Friday, 12 April 2013

Grease that rusty guillotine

Dominique Moïsi compares François Hollande with Louis XVI and warns that if he (Hollande) does not learn his history lessons he will have to face the consequences. That's great. By that I don't mean the apparently imminent execution of Hollande but the fact that this is finally a historical comparison that does not involve Heinrich Brüning or the rise of fascism in the 30s. But there are some points that remain unclear in Moïsi's argument. I have done some comparisons of 18th history with the present myself. That kind of long term comparison is often tempting, sometimes illuminating, but always tricky because of huge differences in the historical context.

Moïsi's main point is that the 'Ancien regime ... fell ... when the privileges of the aristocracy were no longer perceived as the counterpart to services rendered to society' and that we are seeing a similar situation today. This, he thinks, is the sign of deep crisis of the political system. 

The first question that I would like to ask Moïsi is how deep he thinks the political crisis is today in comparison to the late 18th century. My impression is that if growth rates were to pick up again from tomorrow we would see the talk about a political crisis in France disappear rather quickly. Before the French Revolution there were a few bad harvests, but most historians would agree that even with extraordinary harvests the Ancien Régime would not have survived because its structural problems were to big. 

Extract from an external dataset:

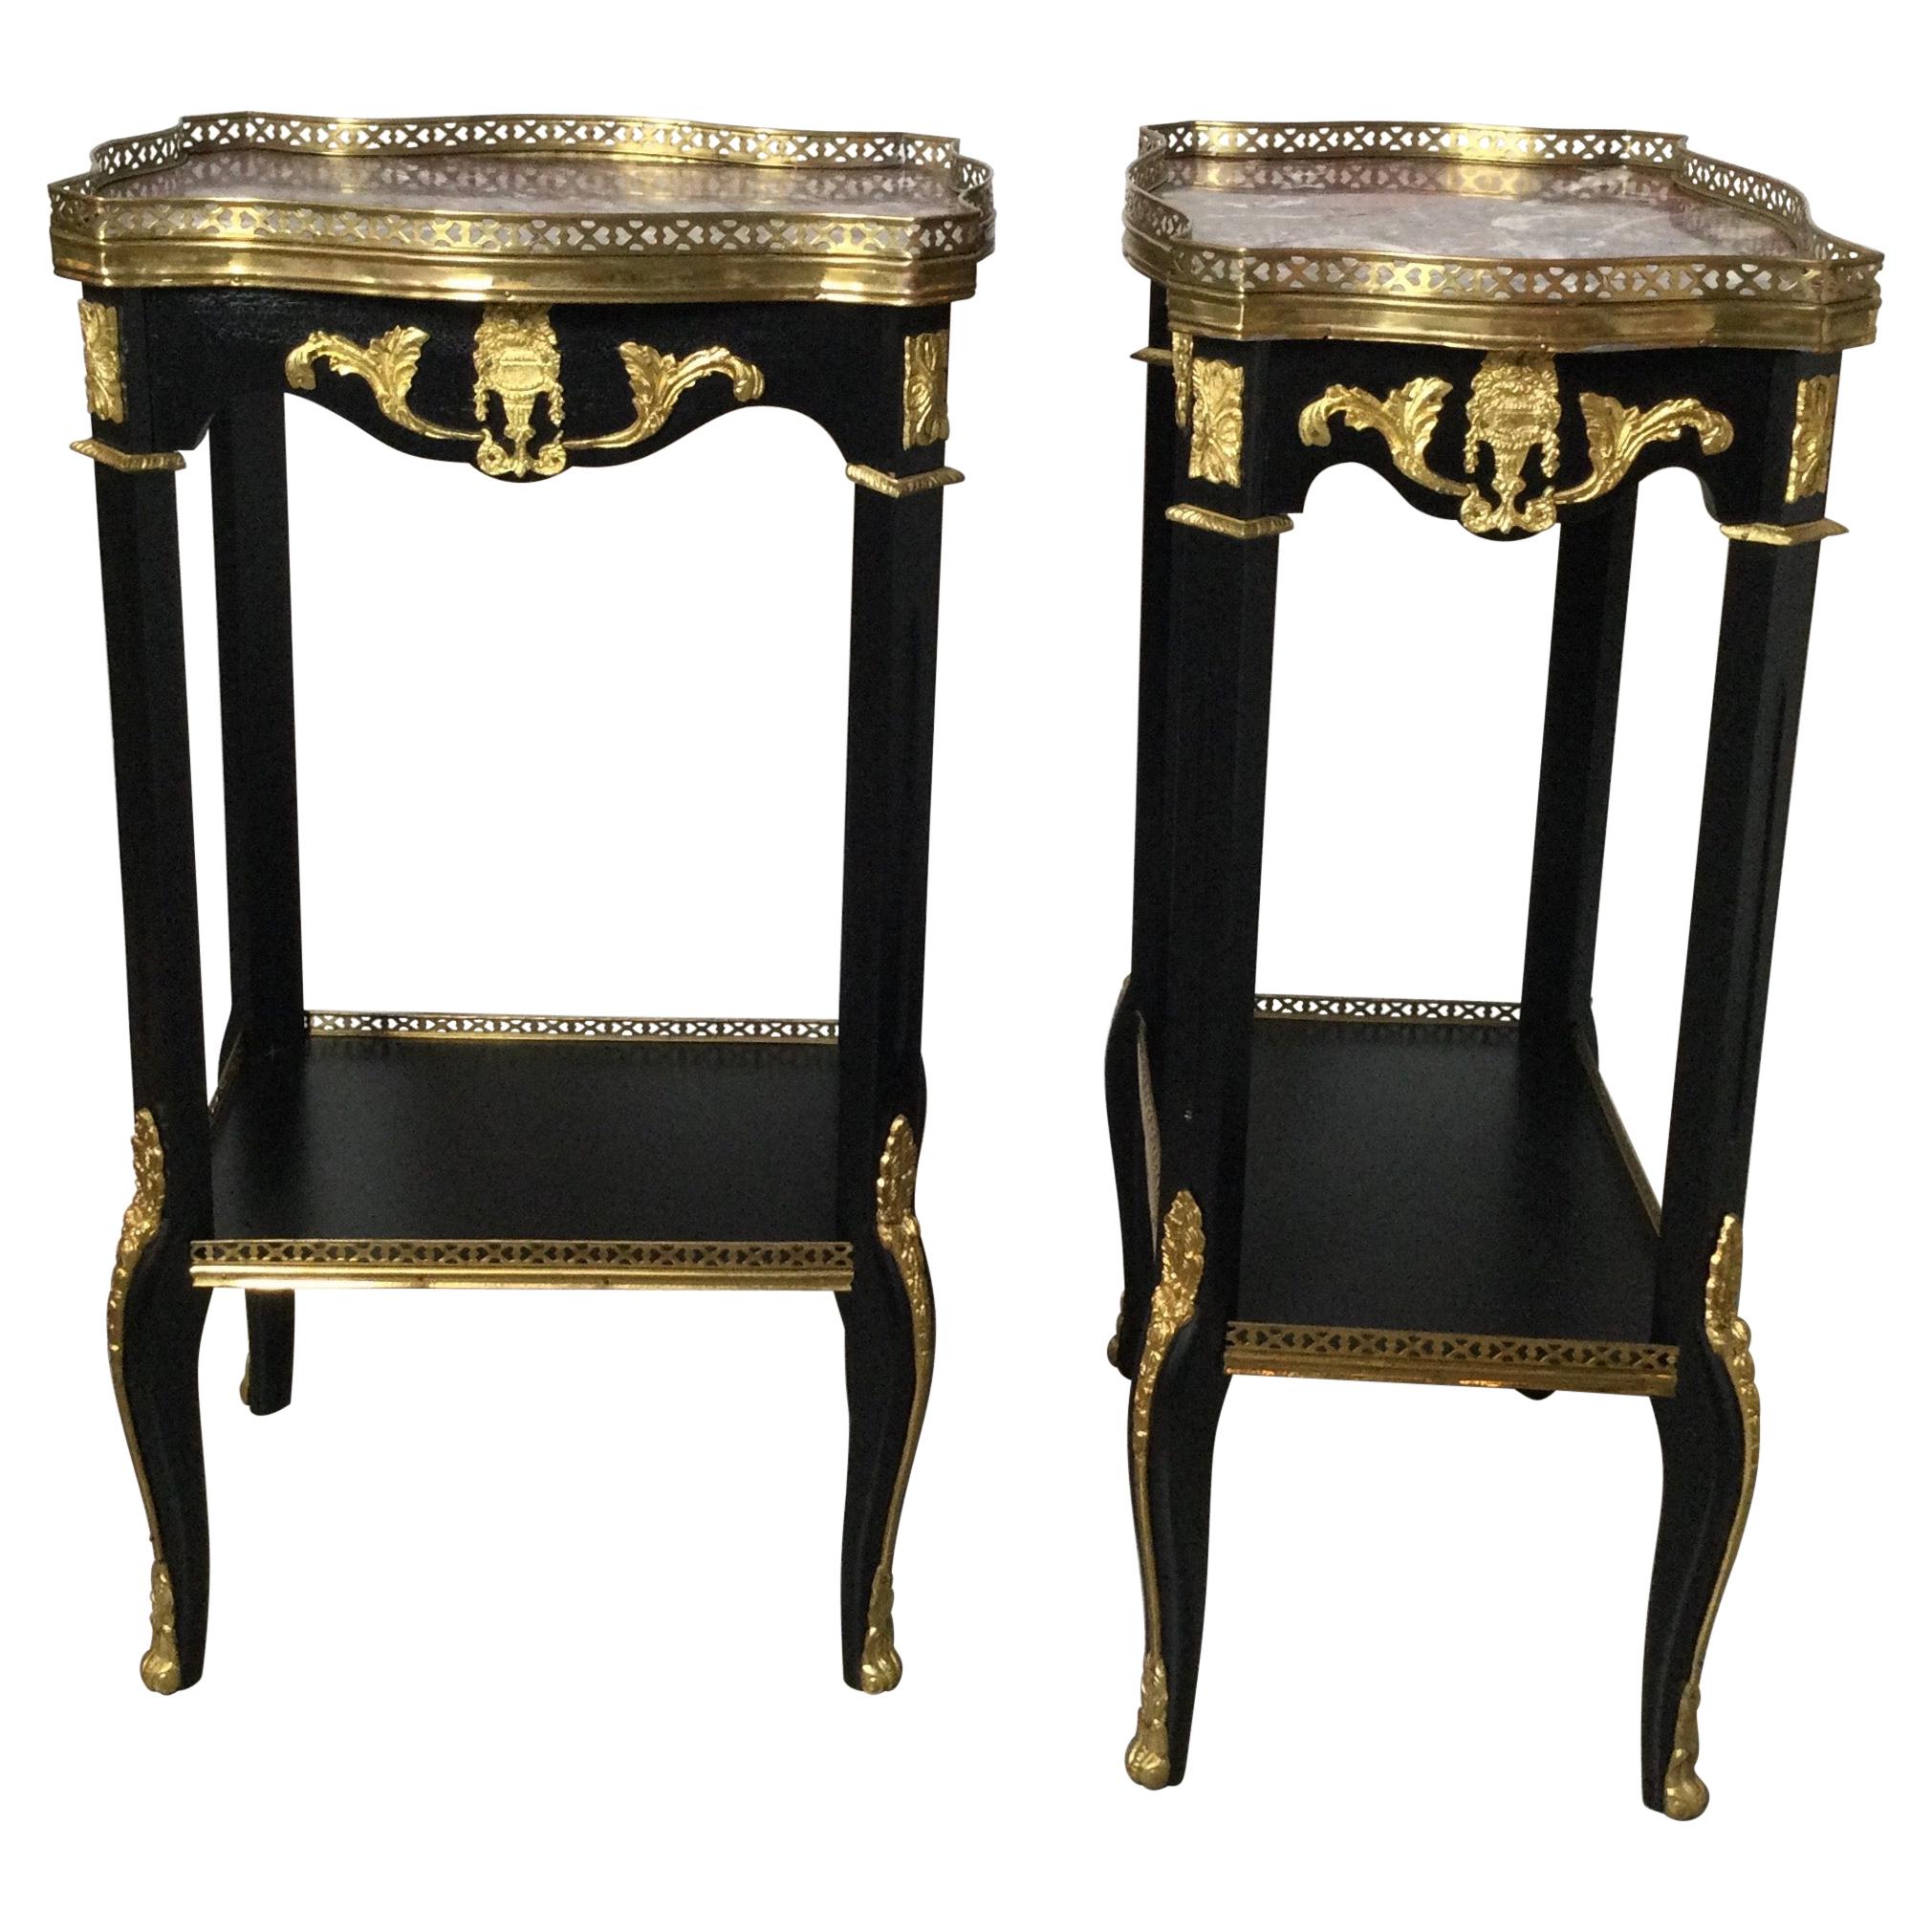 Pair of Ebonized Wood and Marble Diminutive Side Tables

This leads to the question of whether there are any structural problems today that are comparable to those under the Ancien Régime. Moïsi seems to think so, but does not really spell out what he means. So let me give this a shot:

The main obstacle to resolving the debt crisis of the French state were the fiscal priviliges of the aristocracy and the church. Their near complete exemption from taxation meant that a substantial part of revenues could not be taxed. Taxation on the revenues that could be taxed therefore became oppressive. In the words of Michael Kwass the Ancien Régime was a 'welfare state for the rich'. But government revenue still remained too low to provide for the increasing expenses, mainly for warfare. This was clear to most contemporaries but the political structure of the Ancien Regime meant that this could not be changed. Those who were unhappy with the status quo had not political power and those who had political power were quite happy to leave things as they were. Political elites used their political power to protect their economic privileges, thereby undermining the stability of the whole system. Of course the collapse of the Ancien Régime was not only a fiscal matter, but it was one of the central problem. 

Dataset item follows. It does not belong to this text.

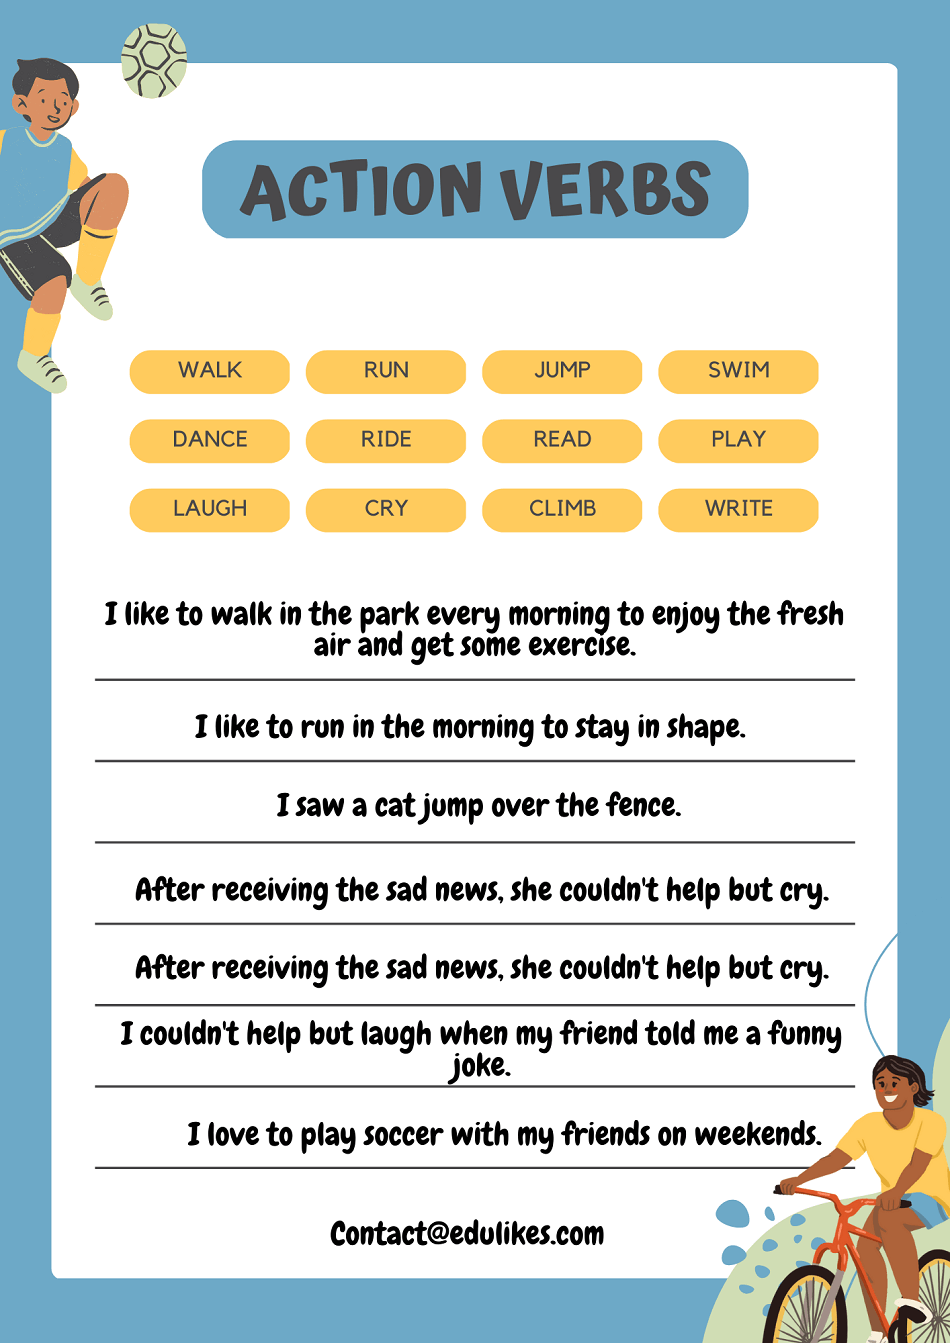 Action verb

What about today? Are there similar structural problems that prevent a solution of the current debt crisis? I would say yes but in a roundabout way. In most industrialised countries, the policies of the last decades have led to shift of the tax burden from the rich to the poor. At the same time, wealth and incomes have been redistributed from in the opposite direction. There may be some effect of this shift on overall government revenue. This may be a similarity to the Ancien Régiem. But I would argue that this development resulted mainly in a shift of the tax burden that left overall government revenues intact. The real problem lies in an other effect of growing inequality: domestic demand is depressed and growth remains sluggish. Over the last decades the solution in many economies was increasing private debt but this creates problems of its own of which we are now well aware. So, I would agree that the fiscal policies put into place by today's political elites in the interest of economic elites let to the current crisis. But the mechanism is more complex than in the 18th century. 

However, as perceptive readers will have spotted, there's a missing link in this argument. In the 18th century economic and political elites were to a large degree congruent. It's easy to see why the Duke of Orleans would and could oppose fiscal reform. He was both an extremely wealthy man and the brother of the king. But today's political elite is--which a few notable exceptions--not part of the economic elite. It is therefore much more difficult to explain why policies that benefit the economic elite are put in place. Is it because politicians are slaves to the ideas of defunct economists? Hayek and Friedman in this case? But this merely begs the question of why they're not slaves to defunct economists with different views. Or do party donations play a role in shifting political power from the masses the elite? More questions than I can answer in one blog post. But worthwhile thinking about.